Stenoocclusive cerebral vasculopathy is an infrequent delayed complication of ionizing radiation. It has been well described with photon-based radiation therapy but less so following proton-beam radiotherapy. The authors report their recent institutional experience in evaluating and treating children with radiation-induced cerebral vasculopathy.

METHODS

Eligible patients were age 21 years or younger who had a history of cranial radiation and subsequently developed vascular narrowing detected by MR arteriography that was significant enough to warrant cerebral angiography, with or without ischemic symptoms. The study period was January 2011 to March 2019.

RESULTS

Thirty-one patients met the study inclusion criteria. Their median age was 12 years, and 18 (58%) were male.
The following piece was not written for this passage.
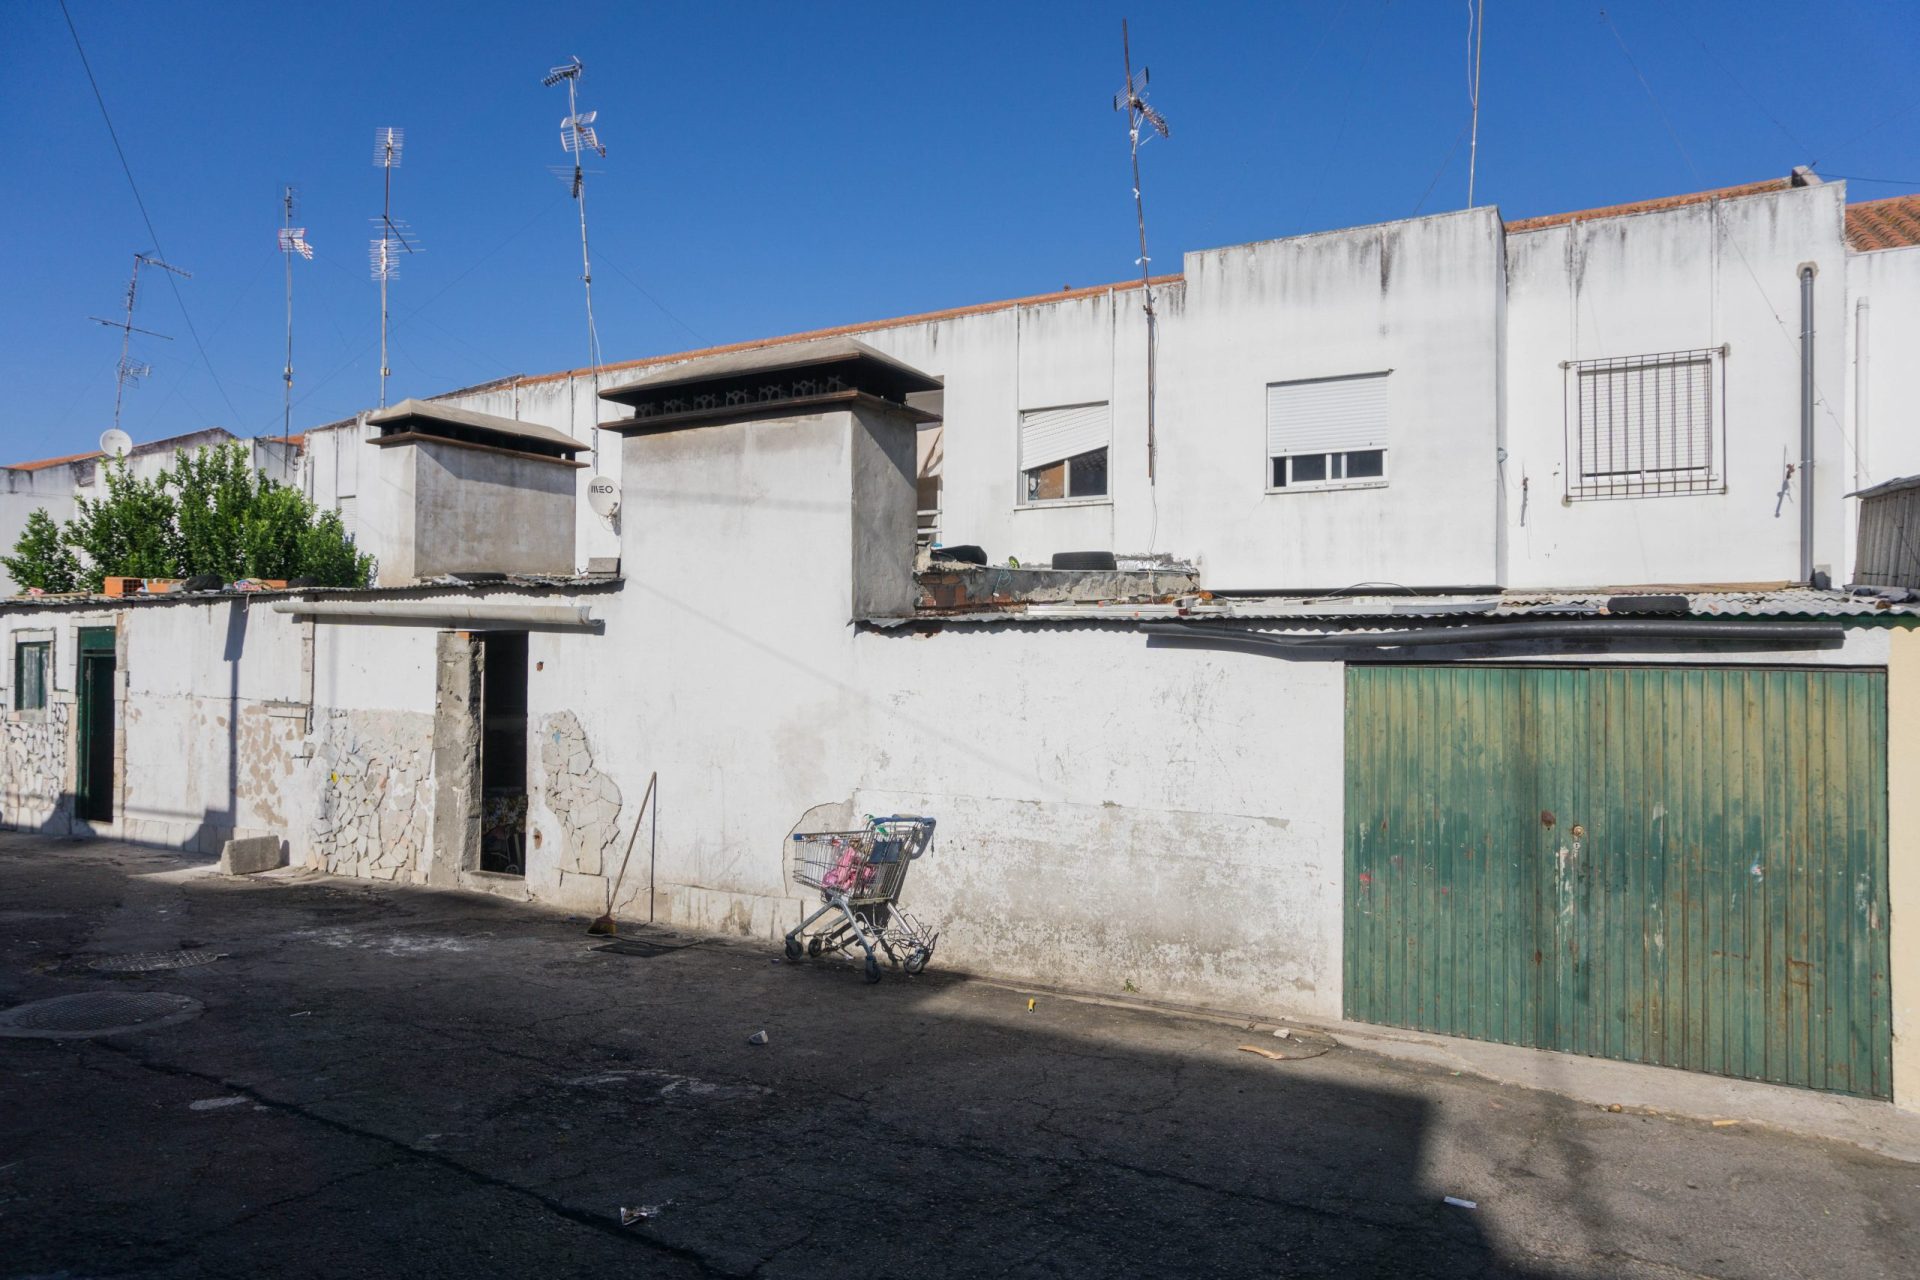 Portugal ainda não garante habitação digna aos ciganos, diz Comité Europeu dos Direitos Sociais

Proton-beam radiation therapy was used in 20 patients (64.5%) and photon-based radiation therapy was used in 11 patients (35.5%). Patients were most commonly referred for workup as a result of incidental findings on surveillance tumor imaging (n = 23; 74.2%). Proton-beam patients had a shorter median time from radiotherapy to catheter angiography (24.1 months [IQR 16.8–35.4 months]) than patients who underwent photon-based radiation therapy (48.2 months [IQR 26.6–61.1 months]; p = 0.04). Eighteen hemispheres were revascularized in 15 patients. One surgical patient suffered a contralateral hemispheric infarct 2 weeks after revascularization; no child treated medically (aspirin) has had a stroke to date. The median follow-up duration was 29.2 months (IQR 21.8–54.0 months) from the date of the first catheter angiogram to last clinic visit.

CONCLUSIONS

All children who receive cranial radiation therapy from any source, particularly if the parasellar region was involved and the child was young at the time of treatment, require close surveillance for the development of vasculopathy. A structured and detailed evaluation is necessary to determine optimal treatment.